TIKALA : Sur une île indonésienne, une famille prend la pose au côté d'un parent âgé ne pouvant plus esquisser le moindre sourire, tandis qu'une autre tente de vêtir un ancêtre d'âge vénérable d'une chemise et d'un chino.
Ces aînés ne sont cependant pas coincés dans une maison de retraite. Ils ne nourrissent pas non plus de rancune envers les plus jeunes. Ils sont tout simplement morts.
Dans deux localités de l'île indonésienne de Célèbes, des habitants participent plusieurs jours durant à une cérémonie appelée "Manene".
Des centaines de corps sont exhumés et habillés dans le village de Torea au cours d'un rituel destiné à honorer leurs âmes et leur adresser des offrandes.
"Lorsque nous procédons au Manene, nous commençons par ouvrir la sépulture et la nettoyer, ainsi que l'espace qui l'entoure", explique à l'AFP Sulle Tosae, un des proches participant à la cérémonie.
"Ensuite, nous séchons les corps au soleil avant de changer leur tenue", explique-t-il.
Les cercueils qui renferment les corps de leurs êtres chers sont extraits d'un caveau creusé à flanc de montagne.
"Les offrandes symbolisent la gratitude des enfants et petits-enfants envers leurs défunts", explicite Rahman Badus, à la tête du village de Torea.
Ils honorent leurs esprits "afin qu'ils puissent toujours bénir les vivants (en leur procurant) sécurité, paix et bonheur", éclaire-t-il.
Une famille a ainsi donné une cigarette en offrande à un proche tout juste sorti de terre, tandis qu'une autre a apposé des lunettes de soleil sur le nez de son défunt.
Quelques corps demeurent relativement épargnés par le processus de momification quand d'autres se sont détériorés jusqu'à devenir des squelettes.
Les esprits des morts
Les Toraja constituent un groupe ethnique composé d'environ un million de personnes sur l'île de Célèbes.
Ces habitants ont peu de scrupules à parler d'un corps embaumé, à l'habiller, à lui brosser les cheveux ou même à prendre des photos avec un parent momifié.
Selon le village, le Manene se tient habituellement en juillet ou en août, mais n'a pas nécessairement lieu tous les ans.
Les Toraja croient que les esprits des morts s'attardent sur terre avant les cérémonies funéraires et entament leur voyage vers le pays des esprits après que leurs âmes soient devenues immortelles.
Les familles préservent le corps de leur défunt jusqu'au moment où elles ont épargné suffisamment d'argent pour procéder à des funérailles en grande pompe.

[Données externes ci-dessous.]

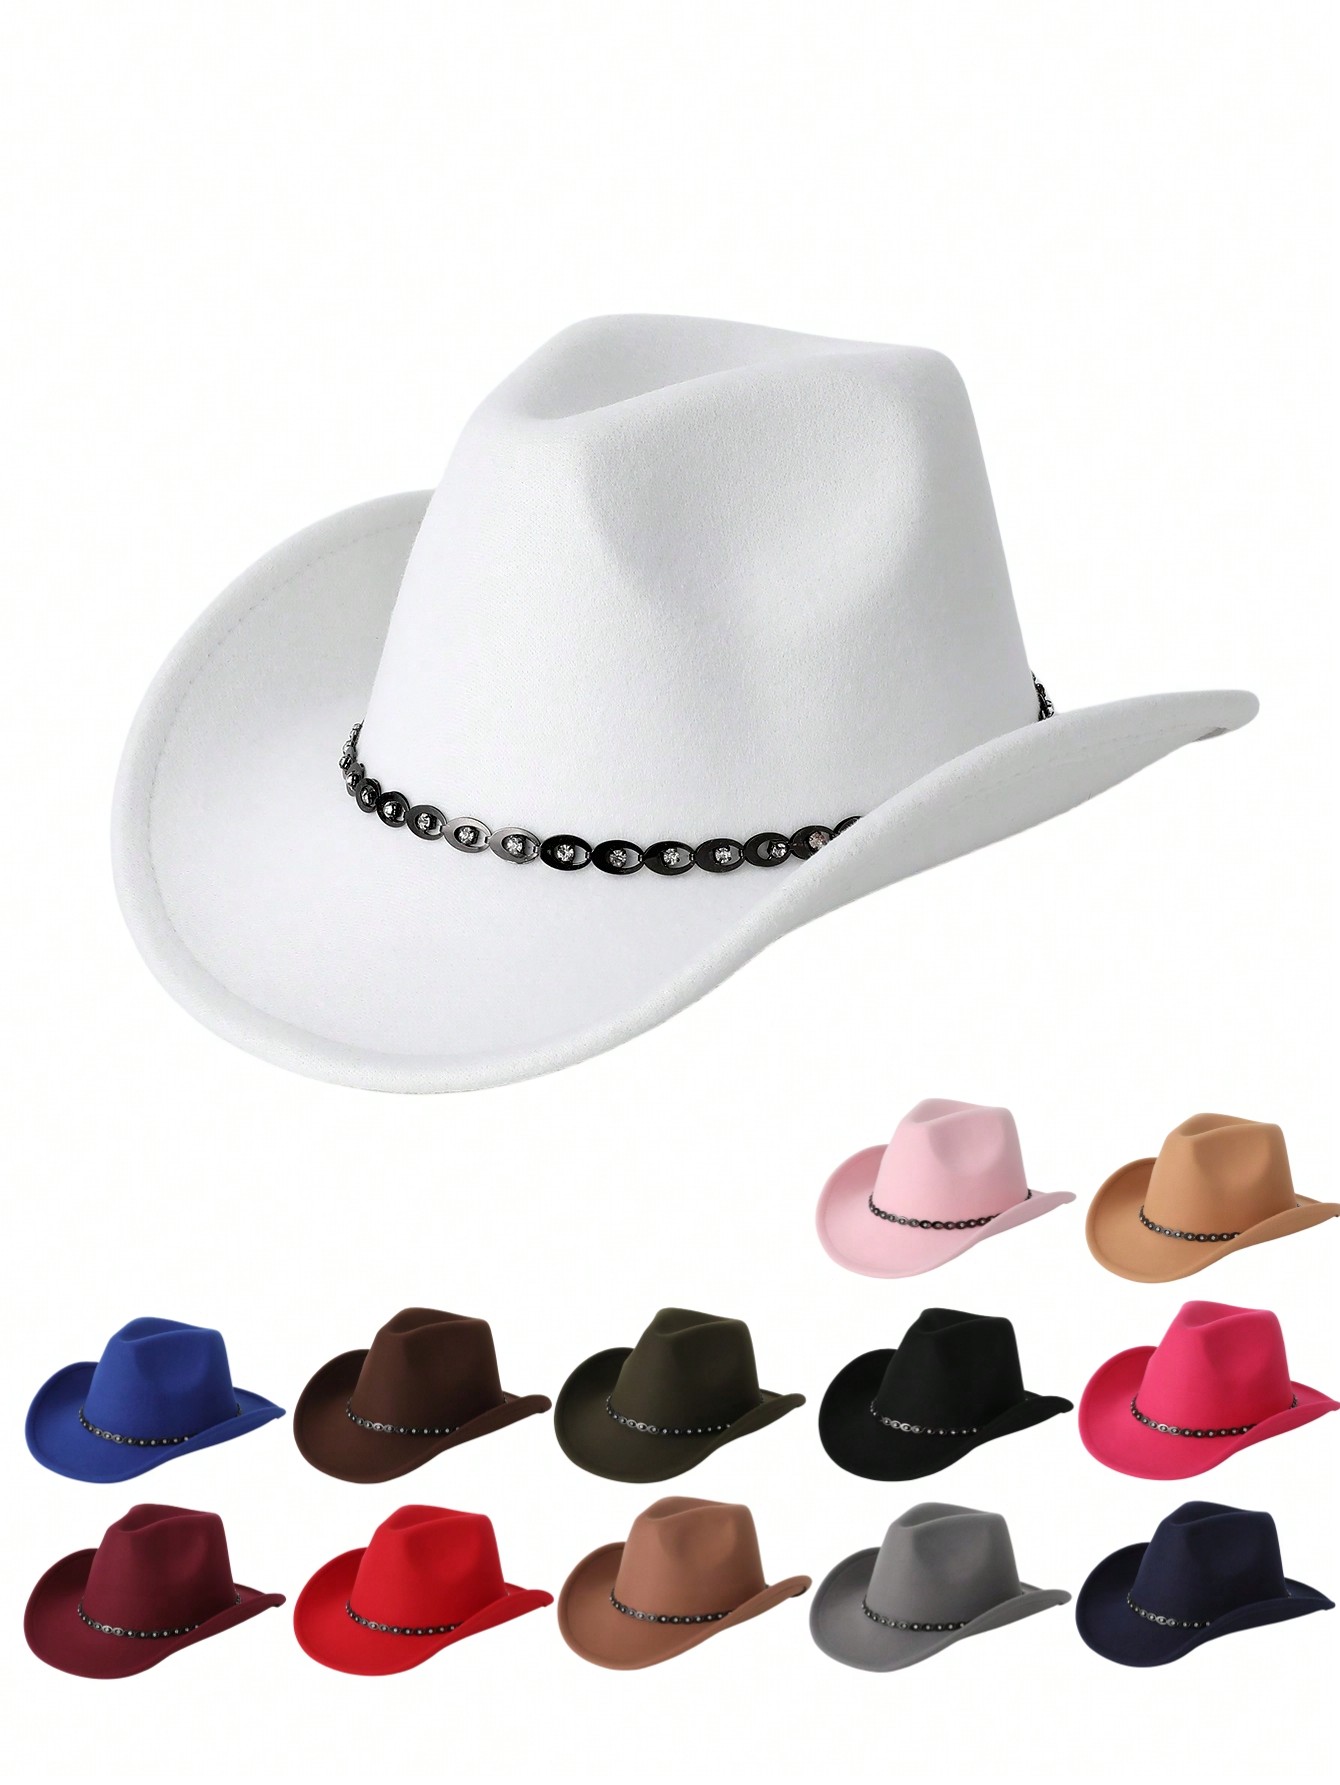 1 шт. из сплава и стразов, многоцветный ковбойская шляпа с перьями шляпа невесты ковбойская шляпа для девичника искусственная шляпа для невесты ковбойская шляпа для дискотеки

Les disparus sont préalablement momifiés au cours d'un processus d'embaumement faisant intervenir des produits naturels comme du vinaigre acide et des feuilles de thé.
Mais de nombreuses familles décident désormais de simplifier la chose en injectant une solution de formaldéhyde dans le corps de leurs proches.
L'exhumation constitue une scène choquante et horrifiante pour les touristes occidentaux. Au contraire des habitants plus qu'heureux de nettoyer les corps, de prendre des photos et de prier pour les âmes des morts.
"Les corps doivent être traités avec le plus grand respect lors du rituel du Manene", explique Rahman Badus. "Les proches rendent hommage à leurs parents ou à leurs ancêtres. Le manque de respect a des conséquences."